- Provided data:

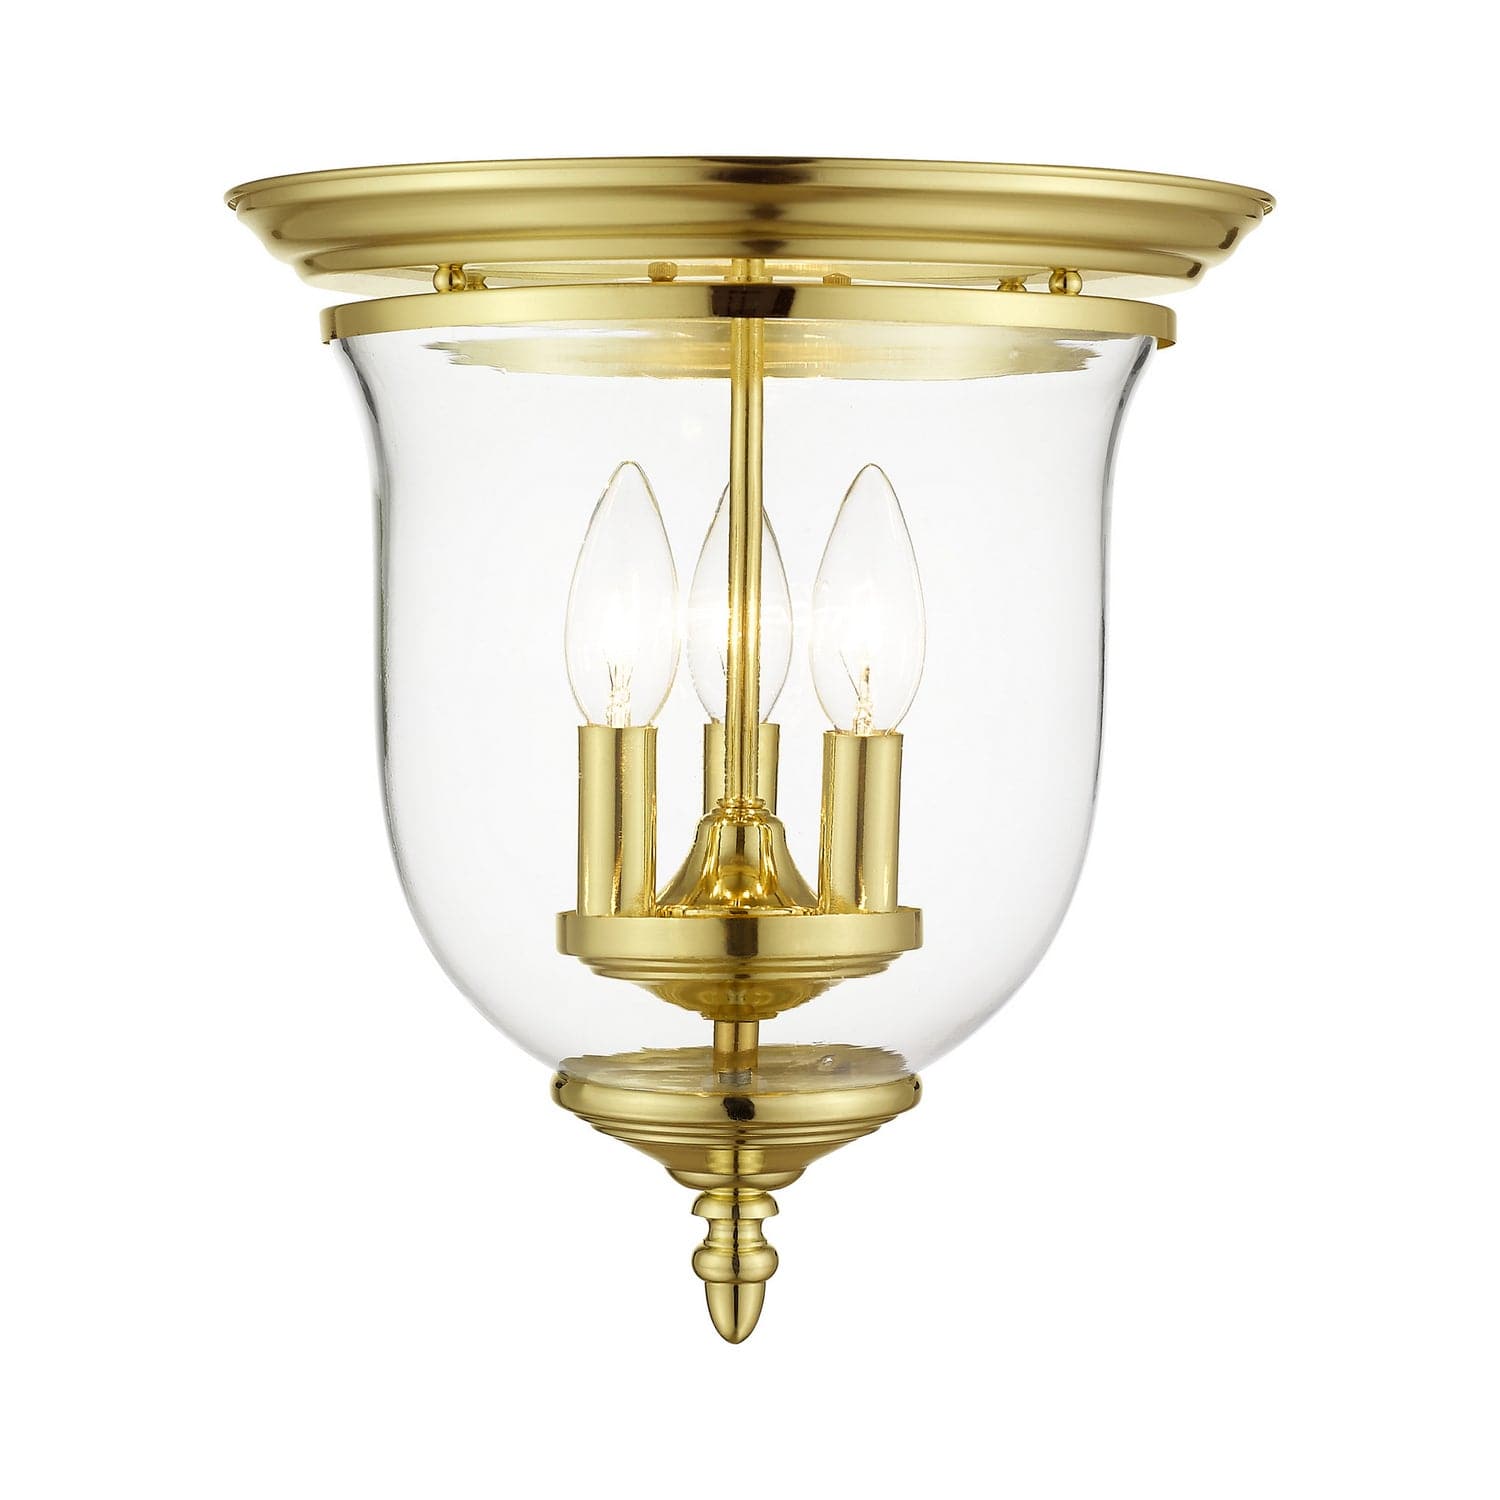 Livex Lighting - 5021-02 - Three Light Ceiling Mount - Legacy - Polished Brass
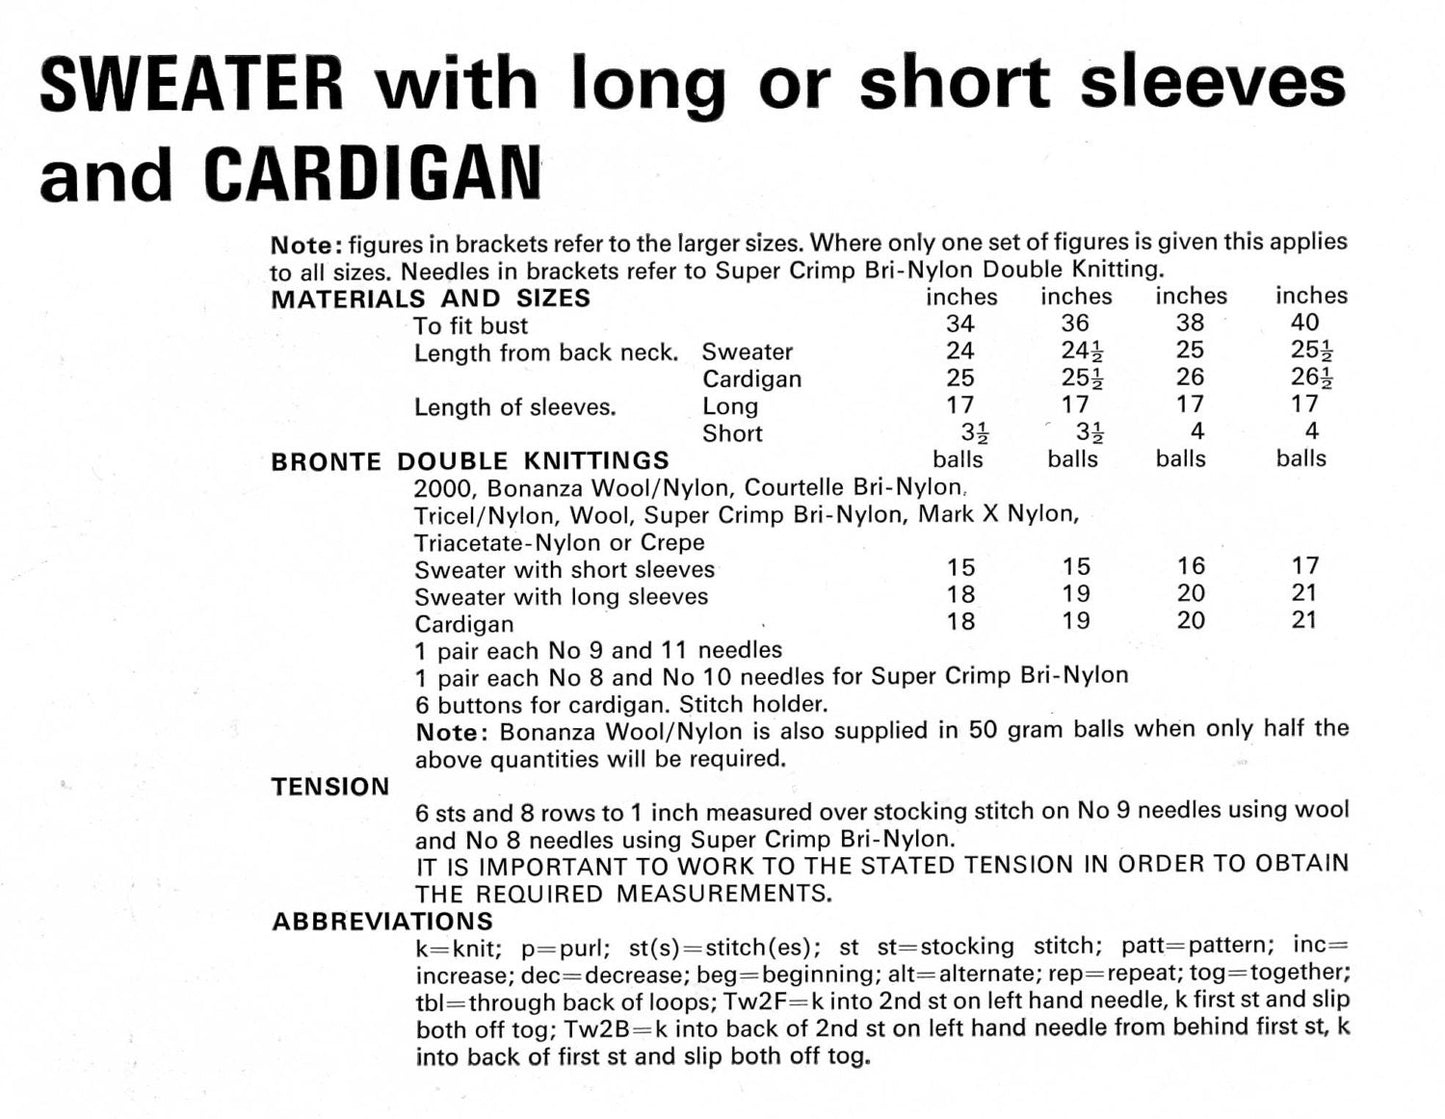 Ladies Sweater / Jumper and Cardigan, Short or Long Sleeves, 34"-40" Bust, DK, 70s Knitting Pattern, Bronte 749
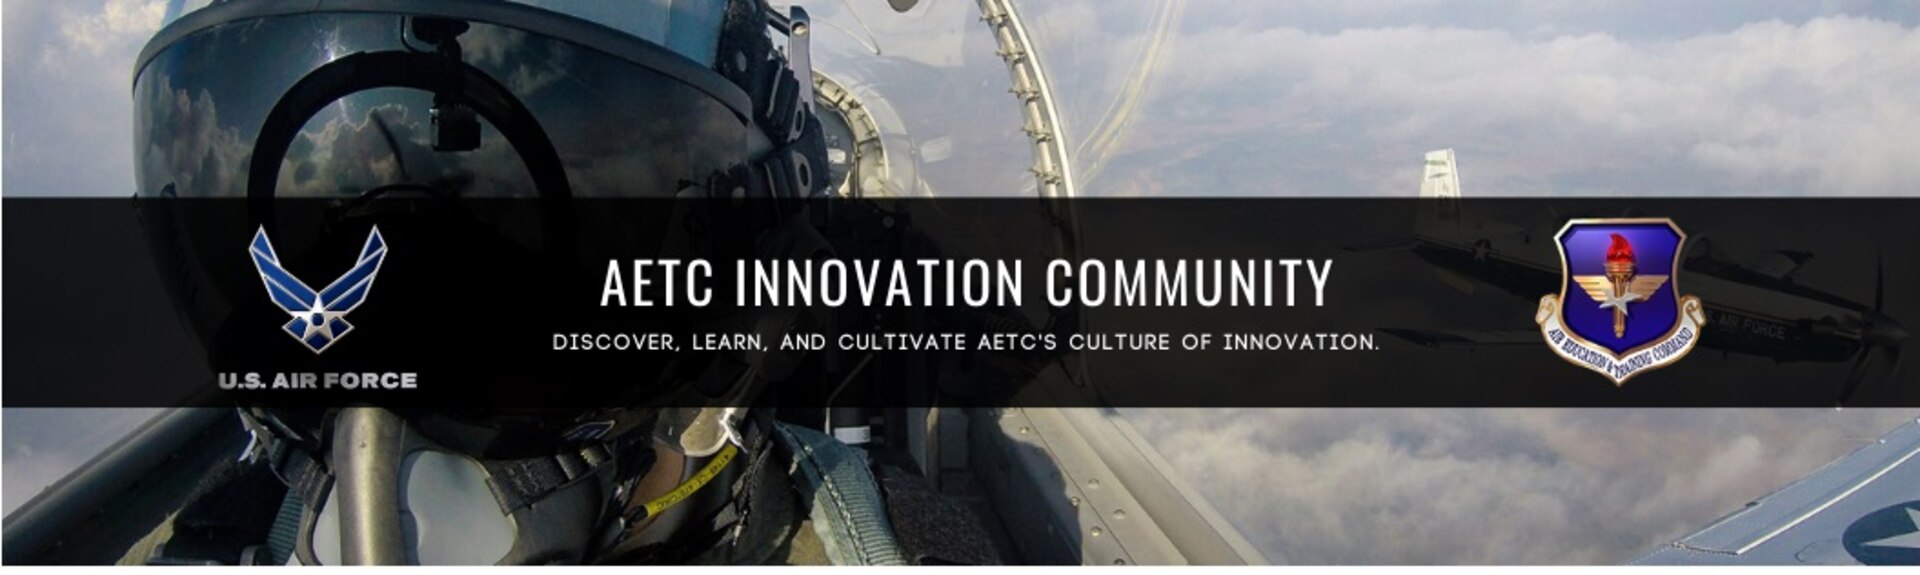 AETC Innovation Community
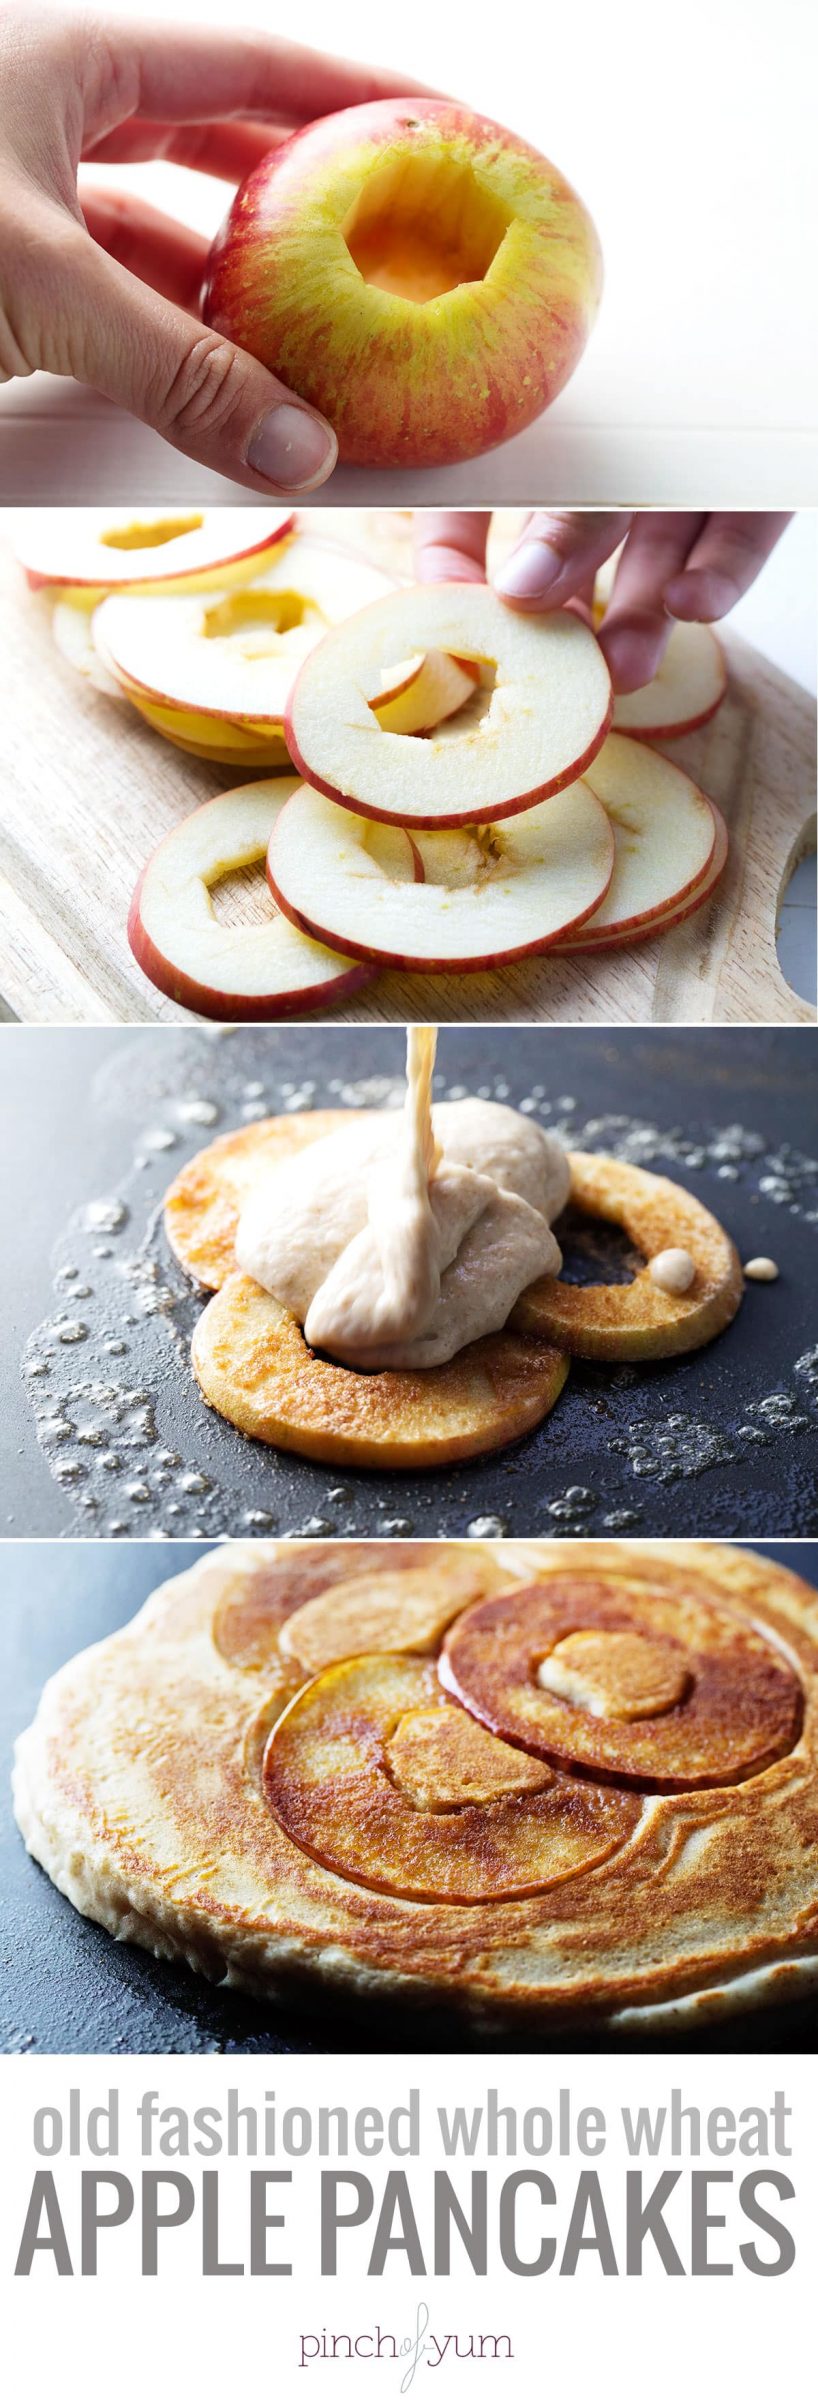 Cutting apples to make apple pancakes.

- Assigned task:
Using the material above, restate word for word the lines from the line that has "Ladies Sweater /" to the last line, inclusive, with pictures omitted.

- Reply to the task:
 Ladies Sweater / Jumper and Cardigan, Short or Long Sleeves, 34"-40" Bust, DK, 70s Knitting Pattern, Bronte 749
 AETC Innovation Community
 Cutting apples to make apple pancakes.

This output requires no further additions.